Now where did I read that...

Friday, June 11, 2010

Growing Pains

That's what Daddy used to call them, growing pains.
Most parents, presumably medically employed parents in particular, used this term for the physical aches of, well, growing. As a kid, I remember random body aches right around the time I hit growth spurts.
The physical aches, though, were never what Daddy was referring to. I have him to blame/thank for my utter inability to ignore the fact that the miserableness is part of a process of growth. Plenty of people don't see this, I know. I learned this about the time I realized I was the only one I knew who said things like "I don't know what this is supposed to teach me, but I don't like getting there."
I don't handle change well, and I think now is one of those times when that's what's happening.

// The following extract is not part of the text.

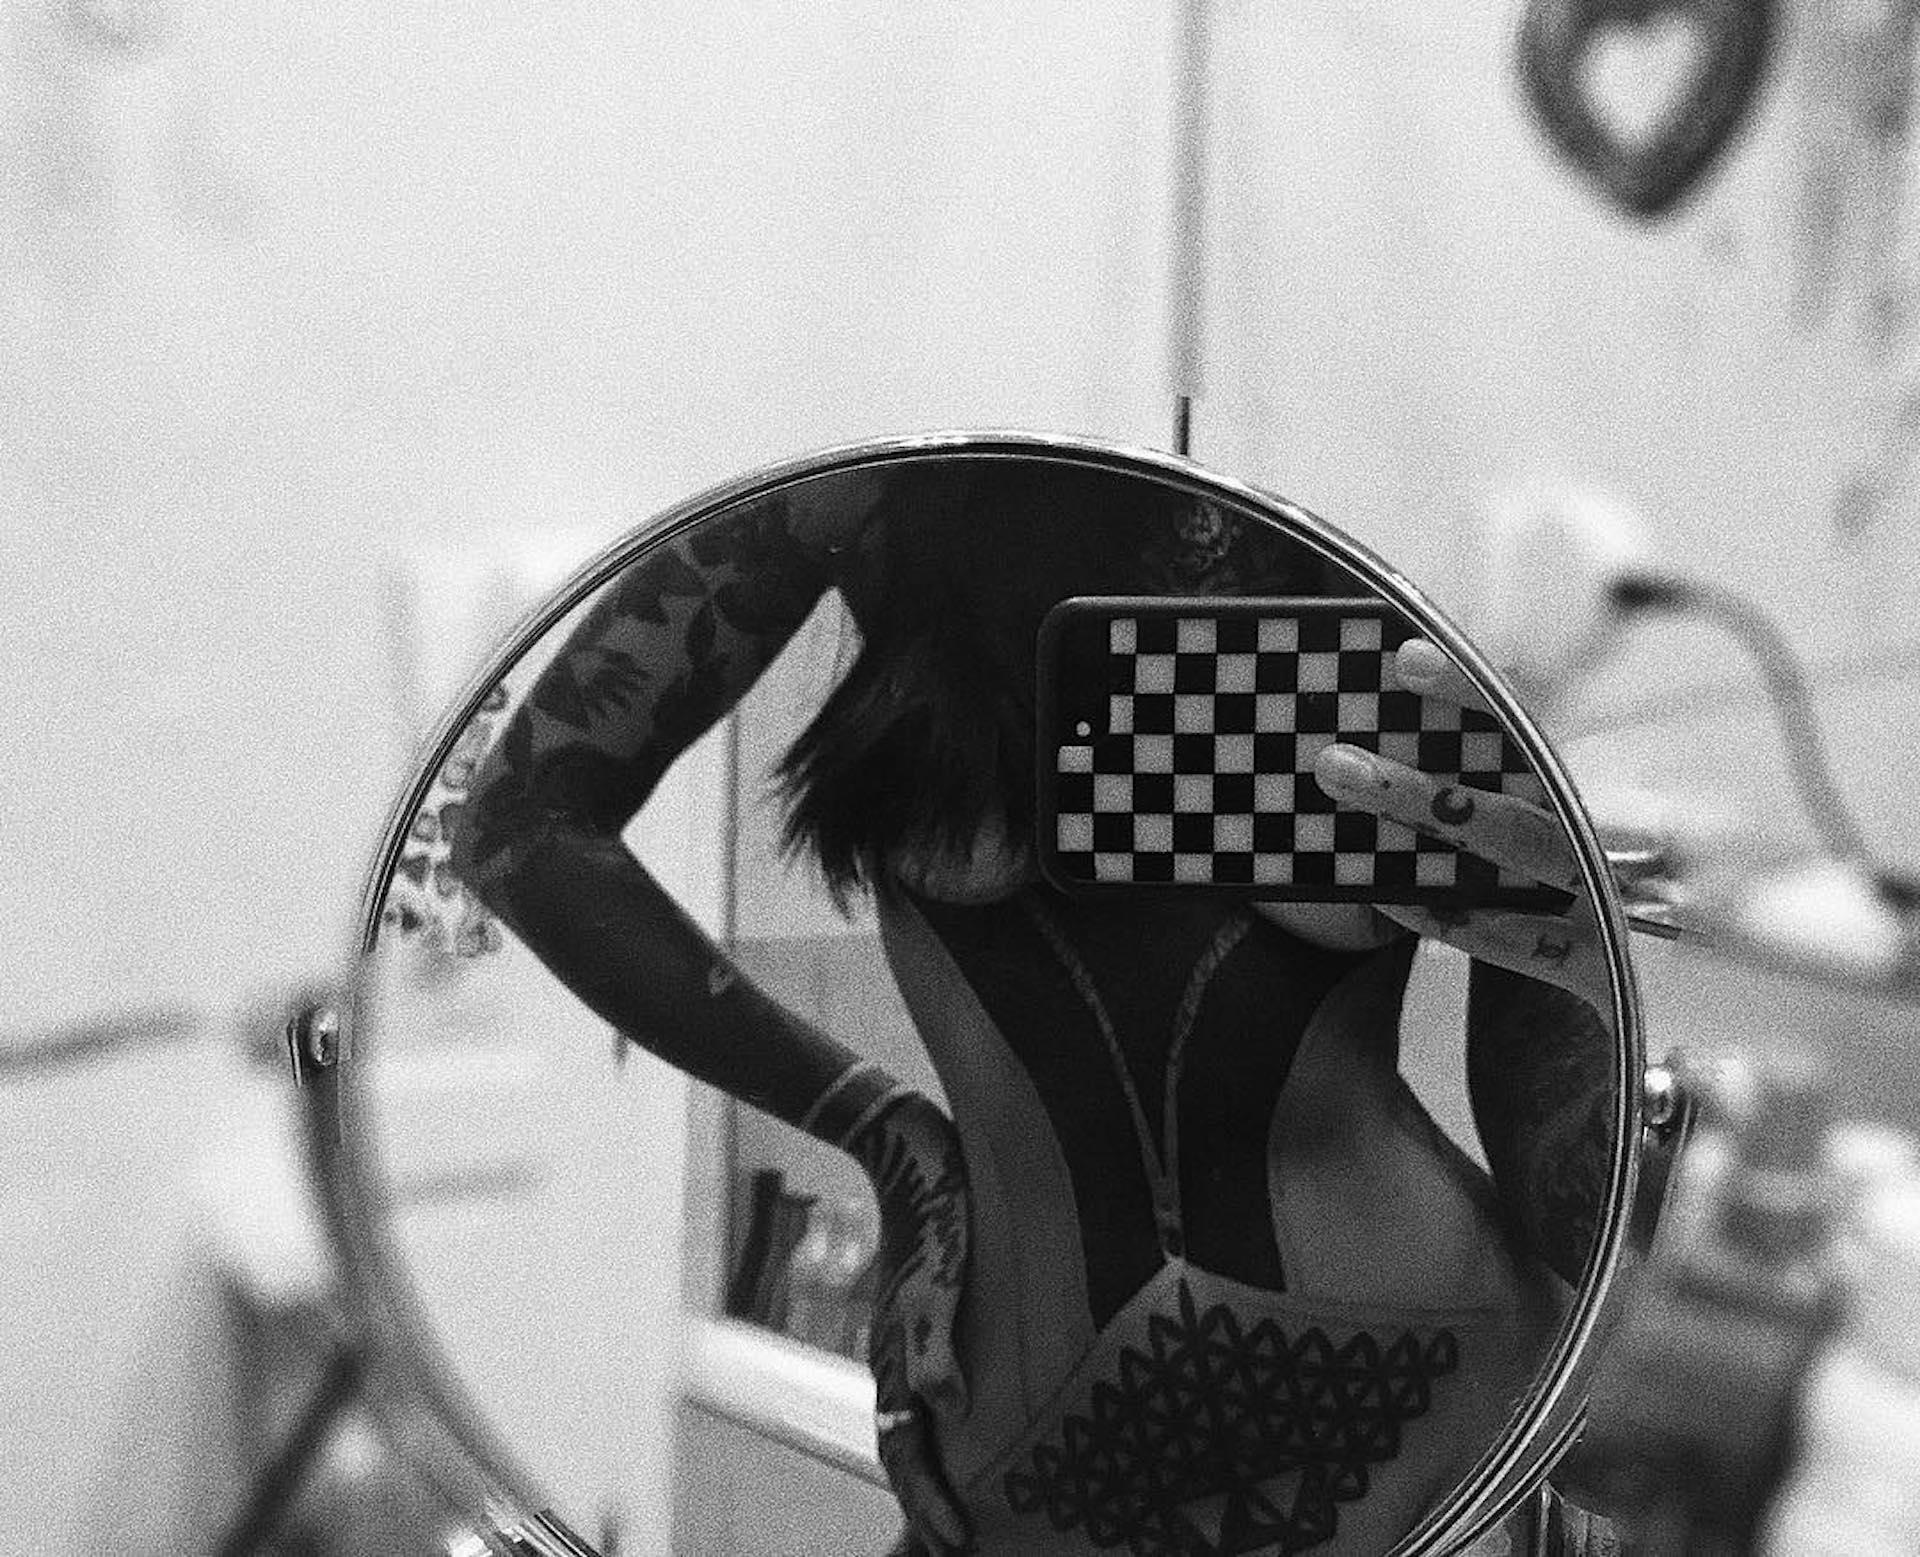 El último tatuaje de Cande Tinelli (Foto Instagram)

As a teenager, I was told my behaviors and emotions were out of my control, and was taught quickly to attribute them to a list of diagnoses a mile long that would be, much later, completely debunked. I spent ages eleven through a couple months before my twenty-first birthday not taking responsibility for my actions, believing that I was a burden, and different, a flawed human being who could never function as others did, and who would inevitably scar the lives of those she burdened. Thankfully my husband (circa 2005-2007, anyway) saw fit to take me out of the place where I had learned this and try to show me better. While it was a process, and much of it came during and after the divorce and still later, he believed in me and that opened the door to, well, everything. He taught me how to take responsibility, he was the first person to hold me accountable for my actions.
I am twenty four now. Lord, it's been a long road since that day. We divorced, I moved around the country a couple times in a few months, I met some pretty jacked up people who believed I was every bit as flawed as I'd been told, and others who couldn't imagine me being less than capable of changing the world. I joined the Army, got injured, survived a hellacious time in basic training, completed medic training and got shipped to Korea. I've been in Korea for two years, and am preparing to return home in about a month. There is a mirror on the door at the end of the bed I'm sitting on right now, and all I can think is: Who is that?!

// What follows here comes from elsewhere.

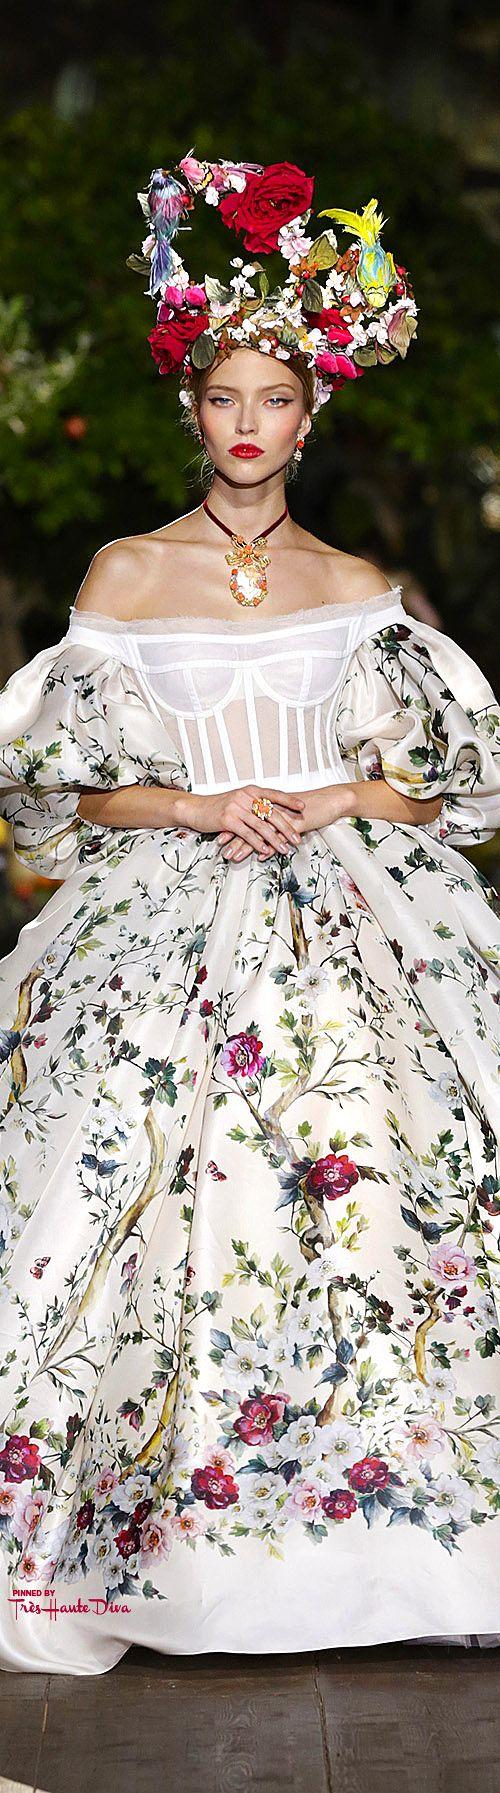 Très Haute Diva ♔ Dolce & Gabbana Alta Moda Fall/Winter 2015-16 #Portofino  Os temas da natureza eram muito utilizados no período do rococó. Era comum fazer imensos penteados com adornos

I remember being thirteen years old and hearing adults talk about going to work and how grown-up and important it sounded. I remember being so excited to finally get a job when I was fourteen. I remember looking at maps and globes and being amazed at all the places in the world I'd probably never go, most of which I'd never heard of before. I remember seeing women with long, beautiful hair on the reservations and wondering if I'd ever be as beautiful or as peaceful as them.

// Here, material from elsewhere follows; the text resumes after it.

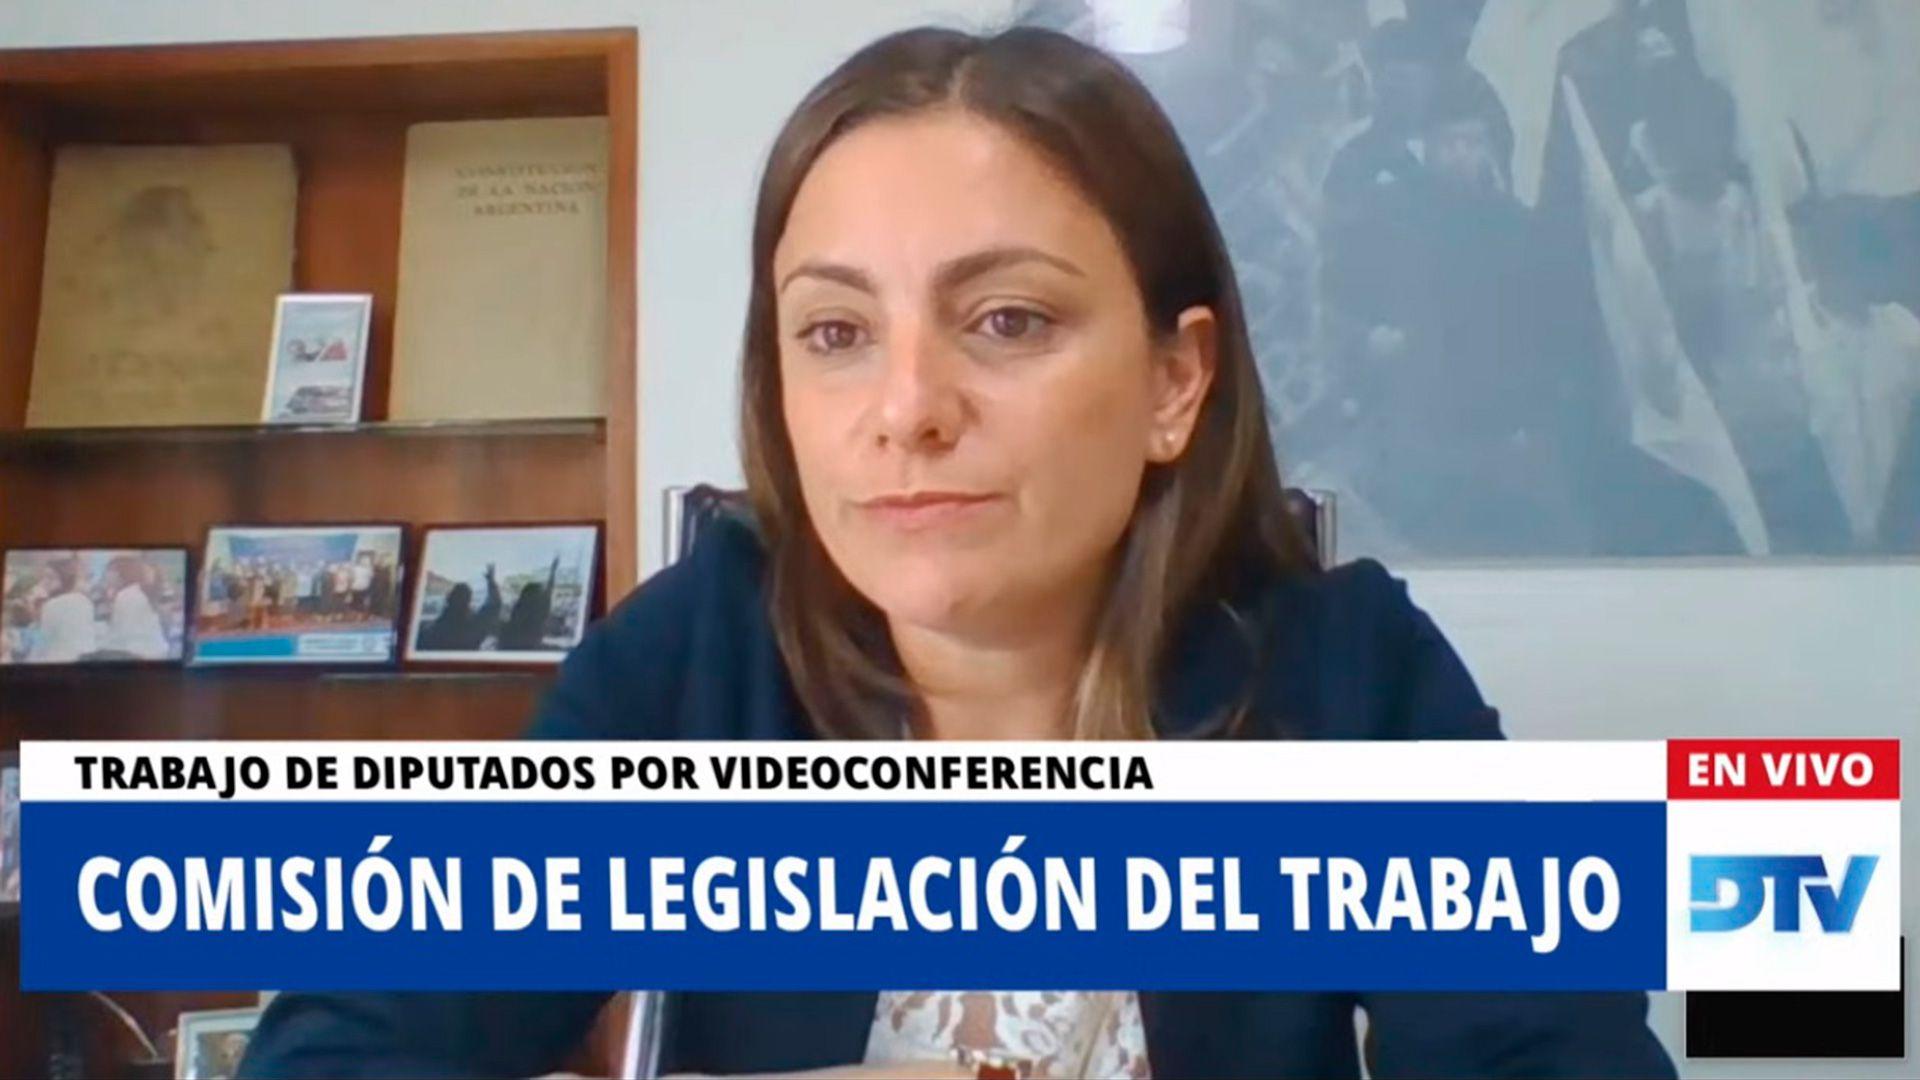 diputada Vanesa Siley, presidenta de la Comisión de Legislación del Trabajo de Diputados, en la reunión informativa sobre el teletrabajo

This woman staring back at me in the mirror has spent two years living in and traveling a country on the opposite side of the world from where she was born, only three years after she'd never driven 2 hours by herself. She can hop on a train in South Korea and not worry about the fact that she's in a foreign country. Her dark hair reaches past her waist. She's able to keep her calm when people begin to yell, she can hide the tears when she wants to cry, and she can be the rock when someone needs to lean. She is tattooed and tough, and very aware of the fact that she still has much to learn, despite all the stories she has to tell. She can make friends with anyone, attracts animals and children, and can carry on conversations with strangers in public that most people are afraid to have with their own offspring. She doesn't drink or smoke, and is trying to stop swearing. She's not scared to live or to fall or to hurt. She has been a leader, and has taken responsibility for the actions of others junior to her, and has refused to blame others for things that were partially their fault. She has taken control, taken the lead, and taken her whole life in her hands and made it better for her and everyone in it. She's not afraid.